The Lifted Veil
- Author: George Eliot
- Language: English
- Genre: Horror fiction
- Publisher: Blackwood's Magazine
- Publication date: July 1859
- Publication place: United Kingdom
- Media type: Print (hardback & paperback)

= The Lifted Veil (novella) =

1859 horror novella by George Eliot

The Lifted Veil is a novella by George Eliot, first published anonymously in Blackwood's Magazine in 1859. It was republished in 1879. Quite unlike the realistic fiction for which Eliot is best known, The Lifted Veil explores themes of extrasensory perception, possible life after death, and the power of fate. The story is a significant part of the Victorian tradition of horror fiction, which includes such other examples as Robert Louis Stevenson's Strange Case of Dr. Jekyll and Mr. Hyde (1886), and Bram Stoker's Dracula (1897).

==Plot summary==
The unreliable narrator, Latimer, believes that he is cursed with an otherworldly ability to see into the future and the thoughts of other people. His unwanted "gift" seems to stem from a severe childhood illness he suffered while attending school in Geneva. Latimer is convinced of the existence of this power, and his two initial predictions do come true in the way in which he has envisioned them: a peculiar "patch of rainbow light on the pavement" and a few words of dialogue appear to him exactly as expected. Latimer is revolted by much of what he discerns about others' motivations.
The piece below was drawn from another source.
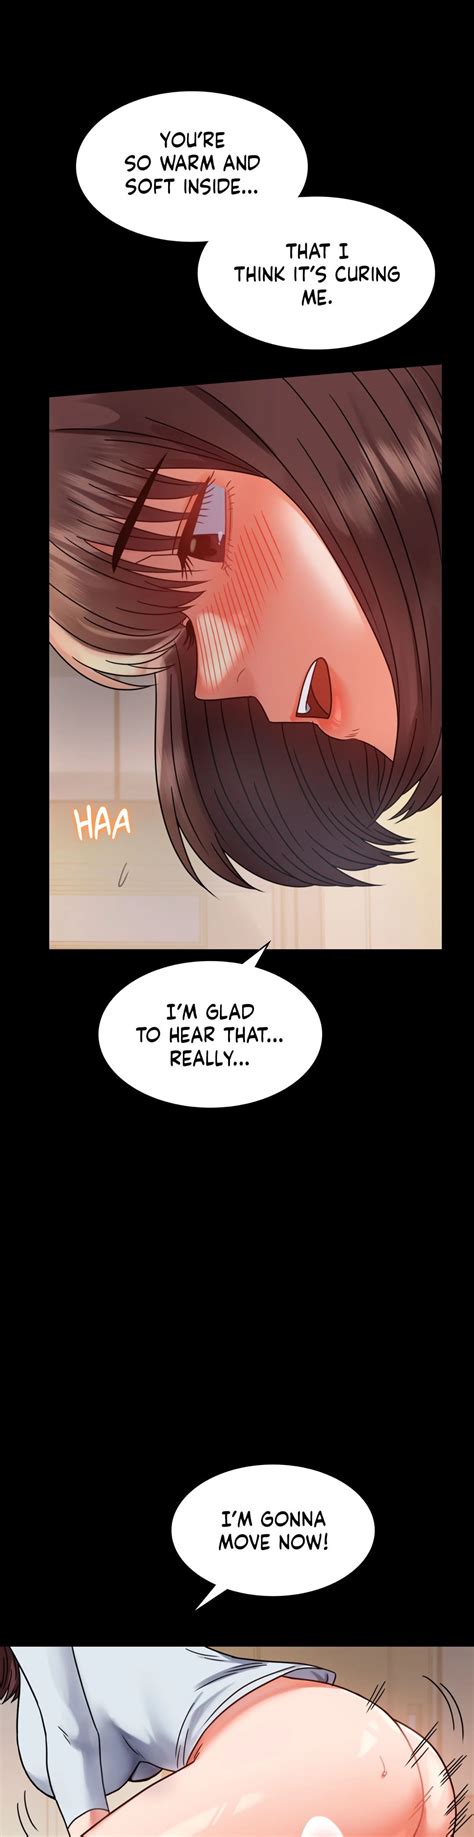 Introduction to an affair manhwa. Introduction to an affair Raw. chap 74 ; chap 73 ; chap 72 ; chap 71 ; chap 70 ; chap 69 ; chap 68 ; chap 67 ; chap 66

Latimer becomes fascinated with Bertha, his brother's cold and coquettish fiancée, because her mind and motives remain atypically closed to him. After his brother's death, Latimer marries Bertha, but the marriage disintegrates as he recognizes Bertha's manipulative and untrustworthy nature. Latimer's friend, scientist Charles Meunier, performs a blood transfusion from himself to Bertha's recently deceased maid. For a few moments the maid comes back to life and accuses Bertha of a plot to poison Latimer. Bertha flees and Latimer soon dies as he had himself foretold at the start of the narrative.
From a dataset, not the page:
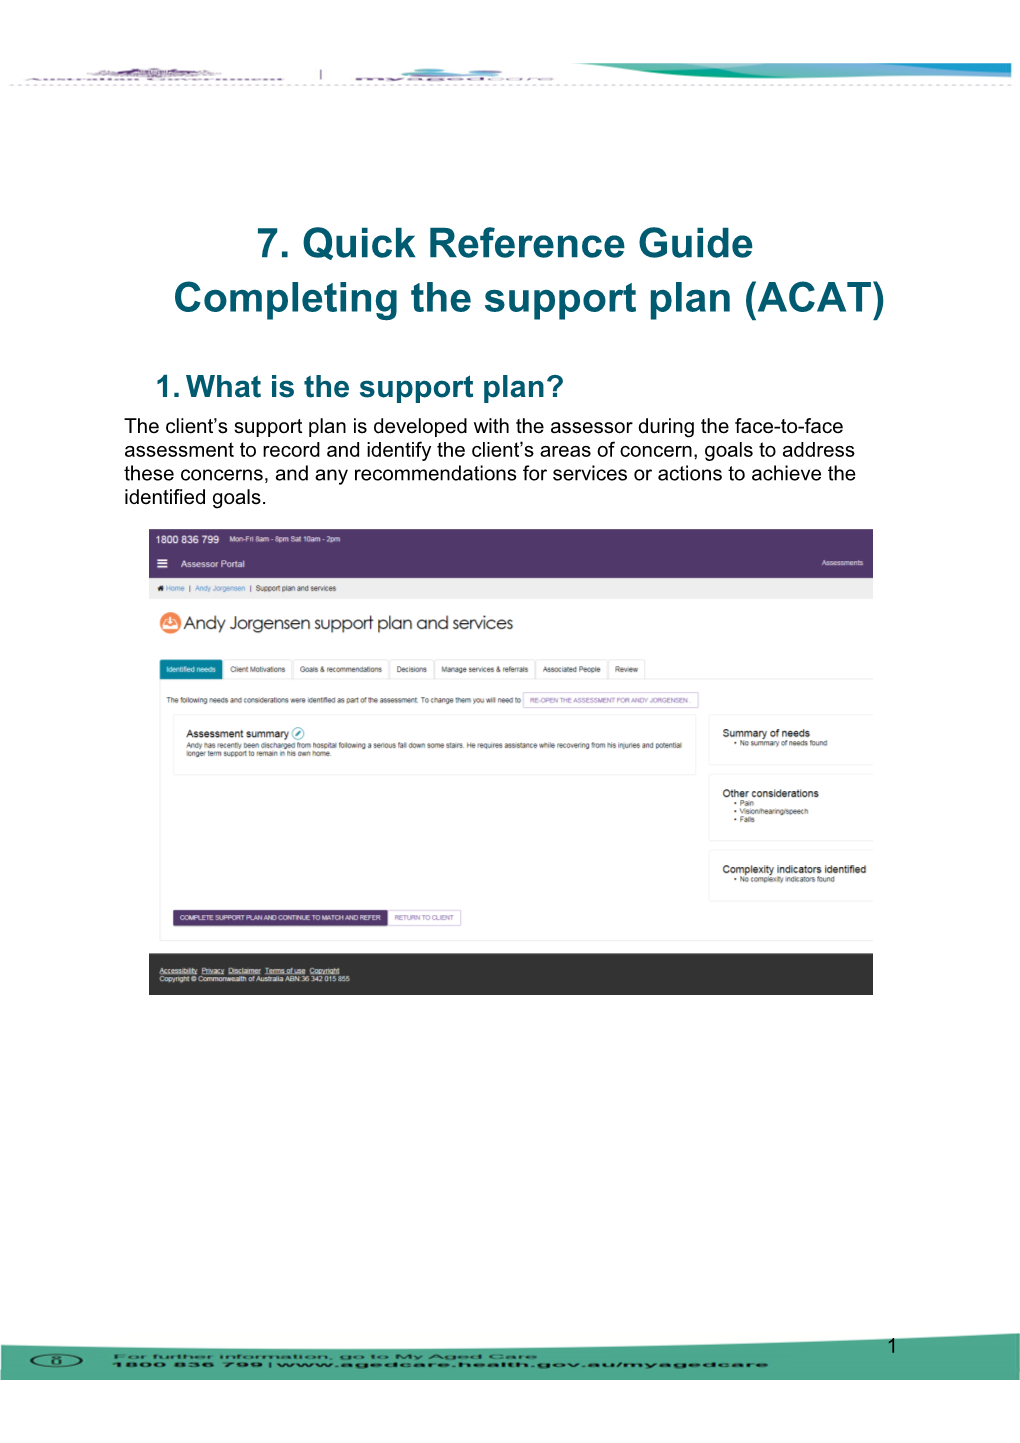 Quick Reference Guide Completing the Support Plan (ACAT)

==Criticism and reception==
Blackwood's hesitated to publish The Lifted Veil due to its uncomfortable and sometimes horrifying scenes — notably the blood transfusion at the end of the story. Blackwood liked the story but knew it might not be successful in his magazine, while his brother thought it was disturbed and urged him not to publish it.

==Literary significance==
This tale departs from Eliot's usual technique. Latimer's first-person narrative works with causality and chronology, with the narrative ending where it begins.

It is Eliot's only venture into what would later be called science fiction. The story was influenced by the fields of physiology, phrenology, and mesmerism, as well as scientists such as William Gregory, who studied animal magnetism, and Charles-Édouard Brown-Séquard, who performed transfusion experiments. Some academics believe the focus on clairvoyance was reflective of George Eliot's anxiety that her pseudonym had been or would be found out.

==Adaptations in other media==
In 1948 the story was adapted for an episode of the syndicated radio program The Weird Circle. A two-part radio adaptation by Jonathan Holloway with Toby Stephens as Latimer was broadcast on BBC Radio 4 in 1997 and again on BBC Radio 4 Extra in 2025.

In 2002 the story was adapted for the stage for solo actor by Tim Heath. The adaptation was commissioned by Joseph Millson and was performed by him between 2002 and 2006.